First, it would indeed be ideal and super clean if we could simply extend the current track.Read() with a flag indicating if the returned packet is RTX or not. Unfortunately this is not really possible. In the same-SSRC RTX situation (which is the default), it is not possible to distinguish RTX packets. So if we made some API modification to track.Read() with an RTX flag we would end up in a situation where the flag would be present always, but only work in distinct-SSRC RTX. This would be an 'unexpected' subtlety of the kind which is likely to surprise developers, and in general when designing APIs good design is largely about preventing unexpected behaviour. In this case the simplest approach to avoid this is to have a separate API function that just deals with reading the RTX track. That way the developer can choose to deal with it if they want, or not if they don't, but in neither case do unexpected things happen. This is basically @San9H0 approach. So +1 points for the design choice there, from me.

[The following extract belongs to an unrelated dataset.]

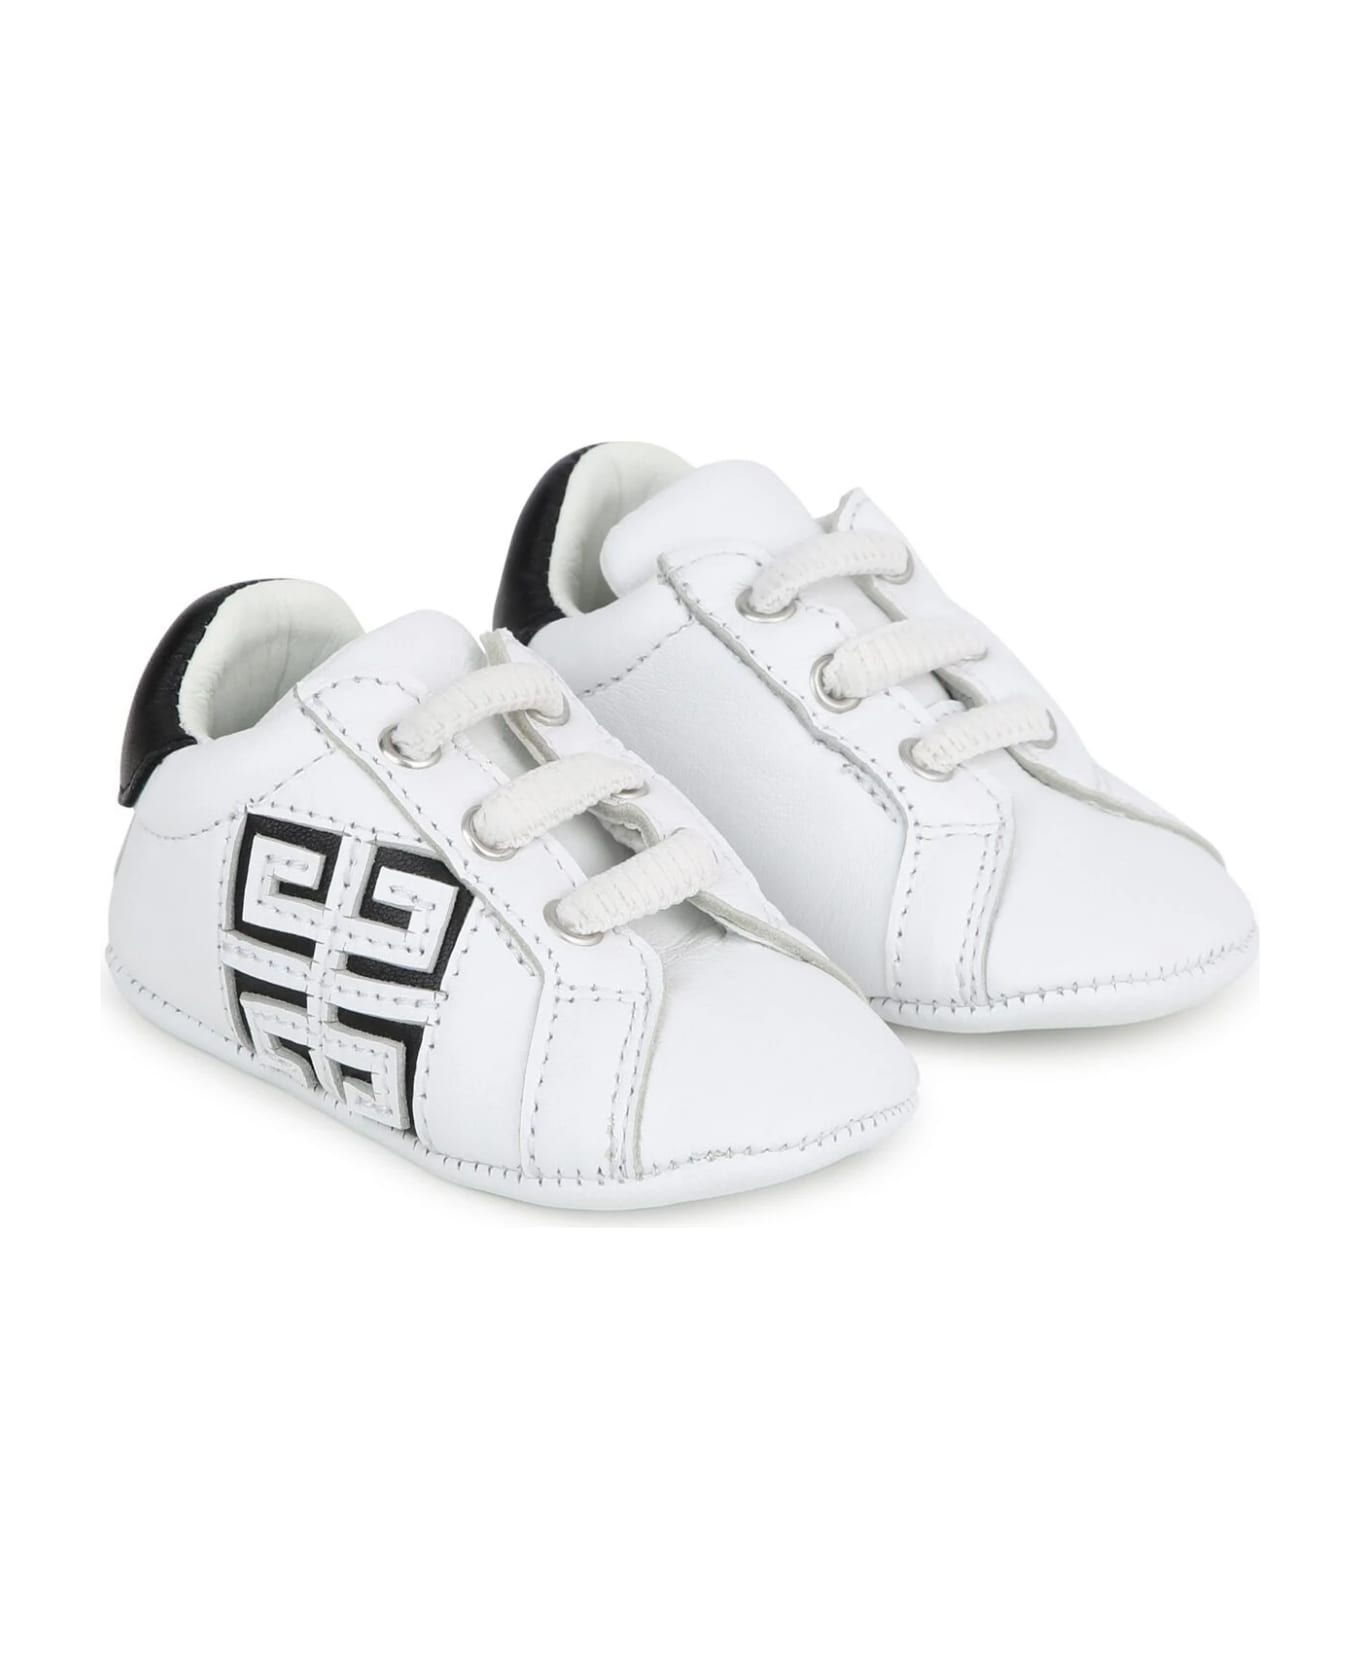 Givenchy White And Black 4g Sneakers - White シューズ

Second, we do as you point out in the future need to implement a track.WriteRTX(). Pion in general has symmetrical API calls for reading and writing, this is nice and clean and we should be careful about breaking this. If we do anything other than track.ReadRTX() now, we would end up introducing a schism in the API when we later want to do track.WriteRTX().

@jech
Copy link
Member

jech commented Sep 4, 2023

In this case the simplest approach to avoid this is to have a separate API function that just deals with reading the RTX track. That way the developer can choose to deal with it if they want, or not if they don't,

I don't understand. If RTX packets are only visible to a new ReadRTX function, then all clients must be modified to call both Read and ReadRTX (in separate goroutines). If they don't, they'll miss all of the RTX packets, right?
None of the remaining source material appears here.